Meottomyces dissimulans (Berkeley & Broome) Vizzini (2008)

par Frédéric Della Giusta

Le champignon que nous mettons à l’honneur ce mois-ci est encore une rareté découverte à l’Etang-la-ville, en contrebas du Chemin des Closeaux le long de la voie ferrée ce 11 janvier 2023, il s’agit de Meottomyces dissimulans, une espèce tardive, visible de décembre à janvier (Novembre à Mars dans la littérature anglaise).
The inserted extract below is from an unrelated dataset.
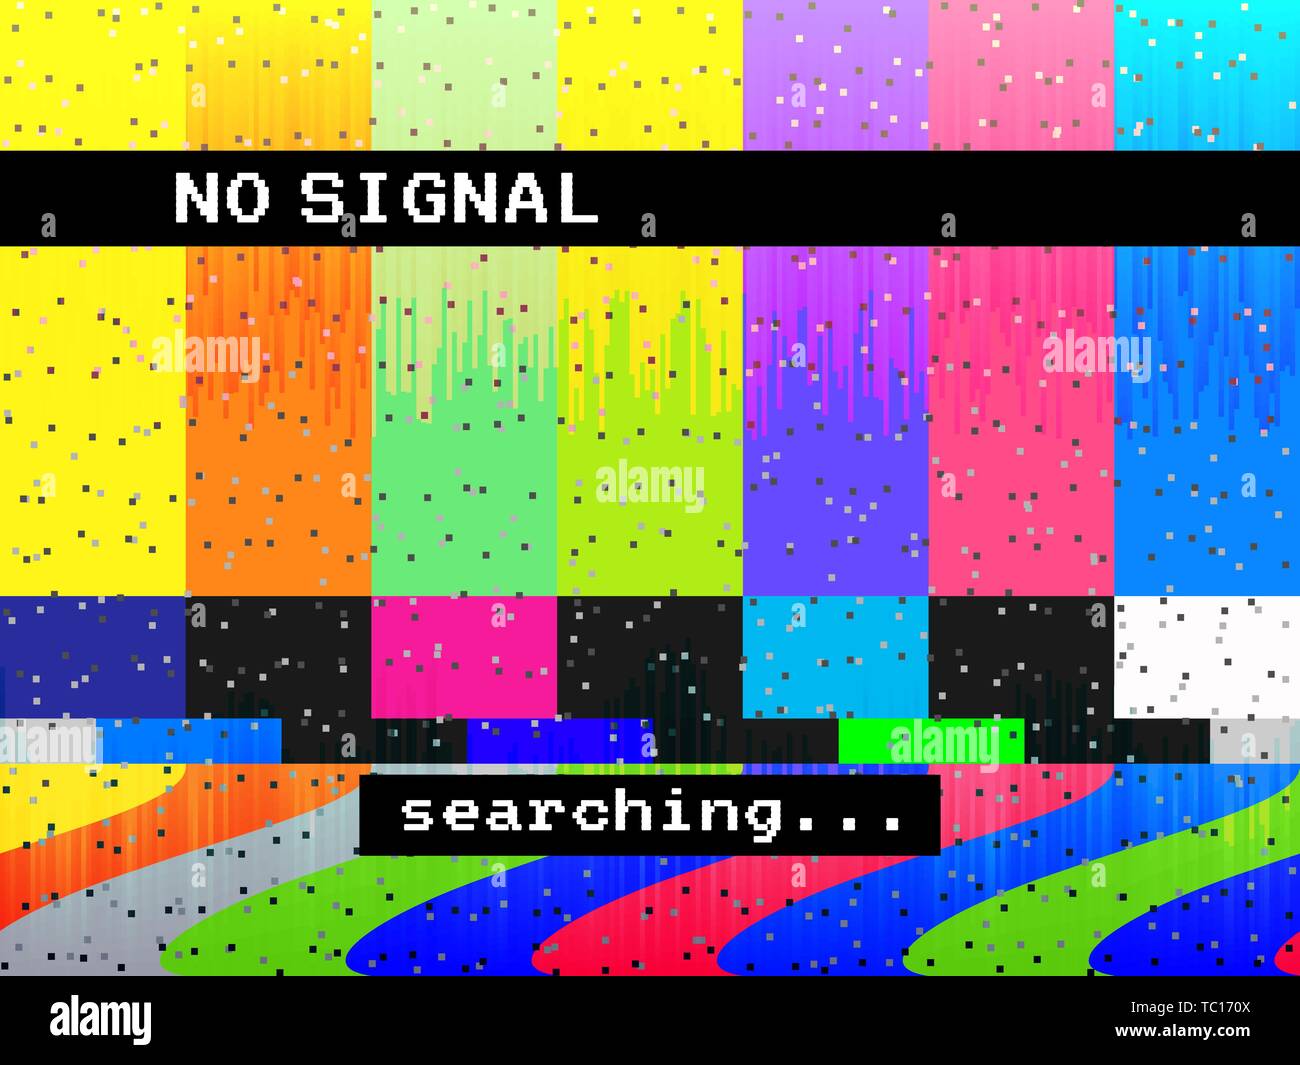 Kein Signal glitch TV. Verzerrte Farbe Linien. Digitale glitch Verzerrung. Bildschirm mit Farbbalken und Lärm. Vector Illustration Stock Vektor

C’est à quelques mètres près l’endroit où nous avions trouvé Coprinopsis melanthina qui avait eu les honneurs du Champignon d’octobre 2022, endroit à retenir et à préserver puisqu’il recèle mille et une merveilles (dont deux déjà mises en évidence, reste 999 à y découvrir, si Dieu veut).

Meottomyces dissimulans

Synonymie et nom vernaculaire

Hypholoma oedipus Saccardo (1887)
Psathyrella oedipus (Saccardo) Konrad & Maublanc (1949)
Pholiota oedipus (Cooke) P. D. Orton (1960)
Phaeogalera oedipus (Cooke) Romagnesi (1980)
Hemipholiota oedipus (Saccardo) Bon (1986)
Galerina oedipus (Saccardo) Clémençon (1986)
Je ne donne pas souvent les synonymes des champignons car ils sont en général pléthoriques et n’apportent pas grand chose au commun des mortels dont je suis, sauf dans de rare cas comme celui-ci. Le nom de genre Meottomyces étant relativement récent (2008), de nombreux ouvrages que le mycologue passionné utilise quotidiennement font encore références aux anciens noms. Le guide de Marcel Bon, Champignons de France et D’Europe occidentale, utilise par exemple Hemipholiota oedipus. Je ne donne ici que les principaux noms qui serviront aussi à illustrer la difficulté à assigner un genre à ce curieux champignon, comme nous allons le voir dans le chapitre suivant.
Notons enfin que le nom vernaculaire de ce champignon est la Pholiote à pied renflé.

Meottomyces dissimulans

Ethymologie

Passage désormais obligé, allons voir ce que nous enseigne l’étymologie.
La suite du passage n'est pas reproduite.